Chunkpad
Chunkpad is designed to prepare documents for Retrieval-Augmented Generation (RAG) pipelines and AI applications.
Install / Use
/learn @gidea/ChunkpadREADME
Chunkpad
A desktop application for parsing documents (PDF, DOCX, PPTX), chunking them into RAG-optimized segments, and exporting them in multiple formats.
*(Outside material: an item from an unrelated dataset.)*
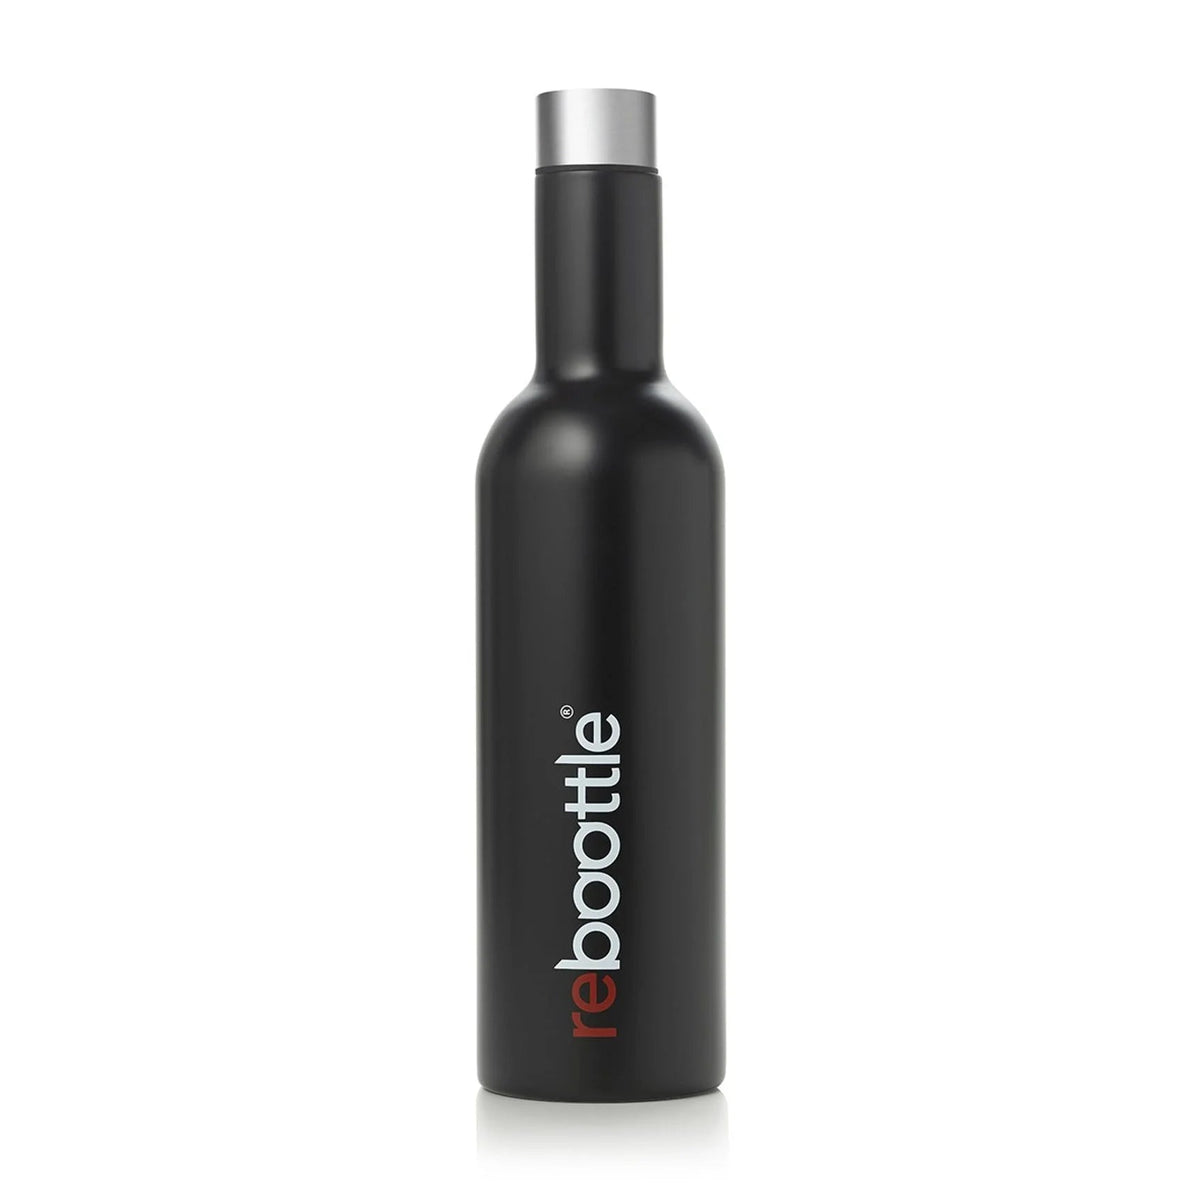 Rebootle Insulated Wine Bottle Flask - Black - The Mewstone Candle Co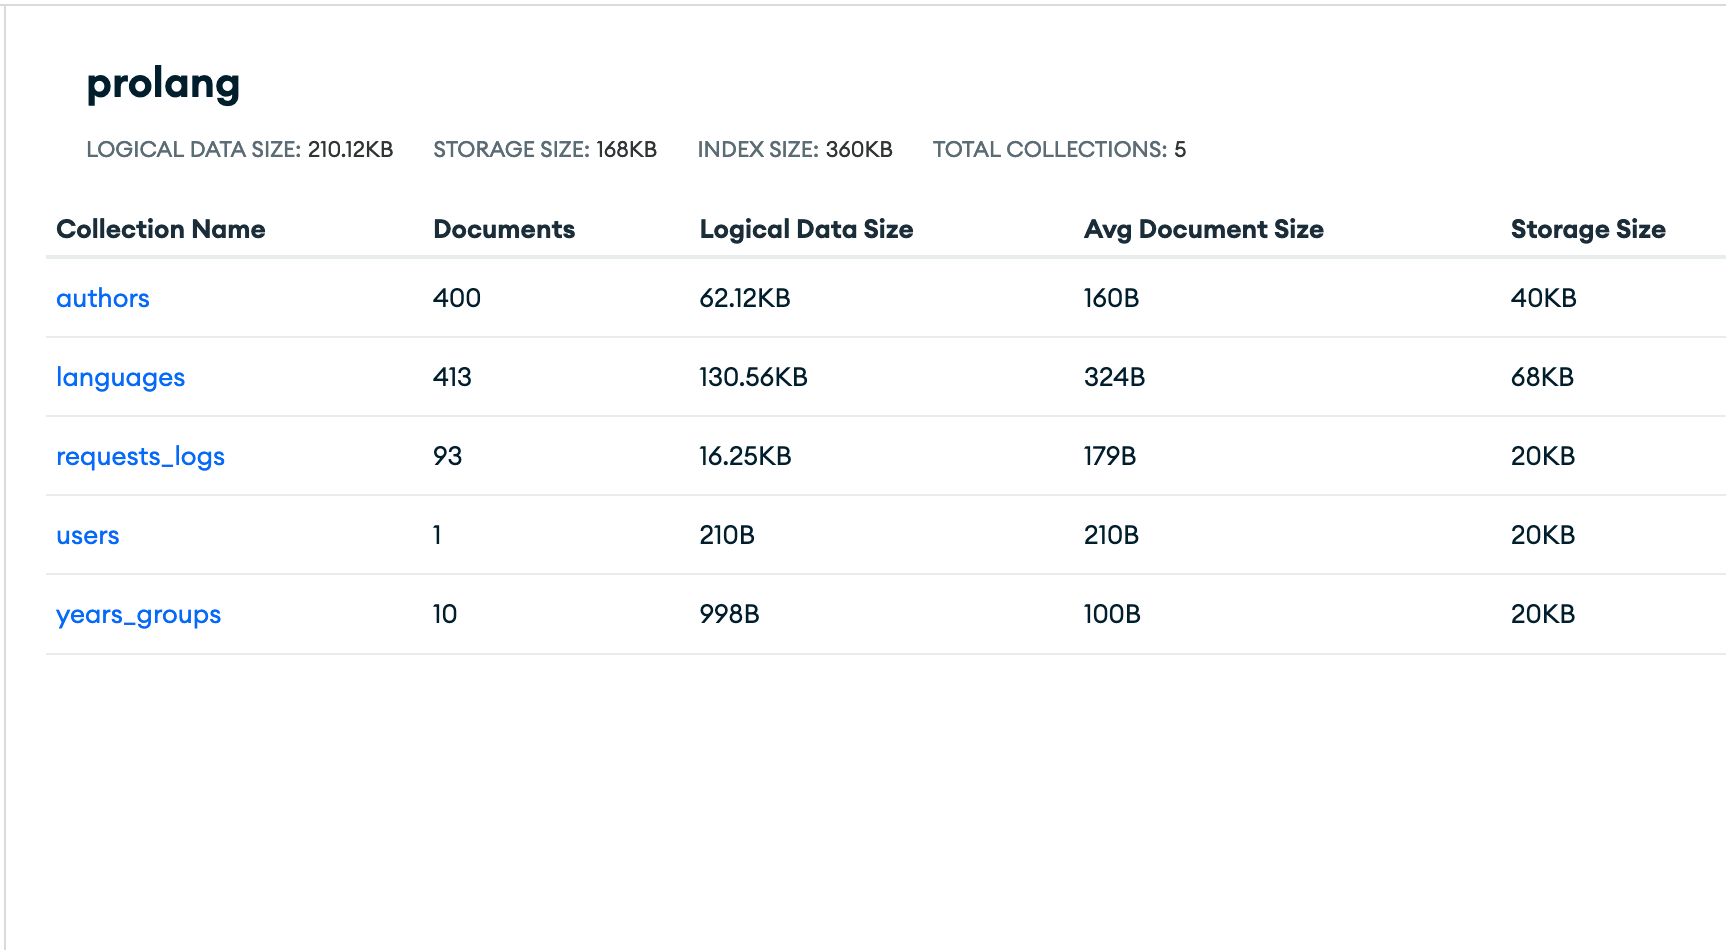 View the collections of the MongoDB database from the MongoDB Atlas console.

Built with Electron for cross-platform support.
Features
Document Processing
- Multi-format Support: Parse PDF, DOCX, and PPTX files
- Intelligent Parsing: Preserves document structure, headings, and metadata
- Page/Slide Tracking: Maintains page numbers (PDF) and slide numbers (PPTX) in chunk metadata
Chunking Strategies
- Fixed Size: Token-based chunking with configurable size and overlap (default)
- Heading-Aware: Groups content under headings, preserving document hierarchy
- Paragraph-Aware: Recursive splitting (paragraph → sentence → token) maintaining paragraph coherence
- Sliding Window: Overlapping chunks with configurable windows for maximum context preservation
- Per-File Configuration: Each document can use its own chunking strategy and settings
Editing & Management
- Rich Text Editor: TipTap-powered markdown editor with formatting tools
- Metadata Management: Document-level and chunk-level metadata with YAML front matter
- Drag-and-Drop: Reorder chunks with intuitive interface
- Real-time Token Counting: Live token counts for each chunk
Export Options
- Multiple Formats: JSON, Markdown, or Plain Text
- Export Modes: Single combined file or multiple individual files
- Clean Markdown: HTML-to-Markdown conversion with proper formatting
- RAG-Ready: Includes strategy metadata, section paths, and source information
Desktop Features
- Native File Dialogs: System file pickers for opening and saving
- File Associations: Double-click
.docx,.pptx,.pdf, or.chunkpadfiles to open - Project Persistence: Save and load entire workspace state
- Keyboard Shortcuts: Full keyboard support (see Help menu)
Quick Start
Prerequisites
- Node.js v18 or higher
- npm or yarn
Local Development
-
Clone and install
git clone <YOUR_GIT_URL> cd chunkpad npm install -
Run Electron app
npm run electron:dev -
Build for production
npm run electron:distDistributables will be in the
release/directory.
Web Version (Optional)
npm run dev
Navigate to http://localhost:8080 (or the port shown in terminal).
Usage
- Load Documents: Open PDF, DOCX, or PPTX files via File menu or drag-and-drop
- Configure Chunking: Use the toolbar below the document title to select a chunking strategy and adjust settings
- Edit Chunks: Click on chunks to edit content, titles, and metadata
- Export: Use the Export button to save chunks in your preferred format
Chunking Strategies Guide
- Fixed Size: Best for general purpose, unstructured documents
- Heading-Aware: Best for structured documents with clear headings (manuals, reports, technical docs)
- Paragraph-Aware: Best for narrative content (blog posts, articles, stories)
- Sliding Window: Best for technical documents where context spanning boundaries is critical
See docs/user-chunking-modes.md for detailed strategy documentation.
Technology Stack
- Frontend: React 18 + TypeScript
- Desktop: Electron
- Build: Vite
- UI: shadcn/ui (Radix UI) + Tailwind CSS
- Editor: TipTap (ProseMirror)
- Parsing: pdfjs-dist, mammoth, jszip
- Token Counting: tiktoken
- Markdown: Turndown
Documentation
- Architecture - System architecture and design
- Chunking Architecture - Multi-strategy chunking system
- User Guide - Chunking strategies guide
- Technical Review - Implementation review
Troubleshooting
PDF Parsing Issues
- Ensure PDF contains selectable text (not scanned images)
- Check DevTools console for errors (View > Toggle Developer Tools)
Large Files
- Files over 50MB will show a warning
- Processing may take 30-60 seconds for large documents
- Progress indicators show during processing
Build Issues
# Clear and reinstall
rm -rf node_modules package-lock.json
npm install
# Clear caches
rm -rf .vite dist dist-electron
npm run electron:dev
License
Open source and available for use and modification.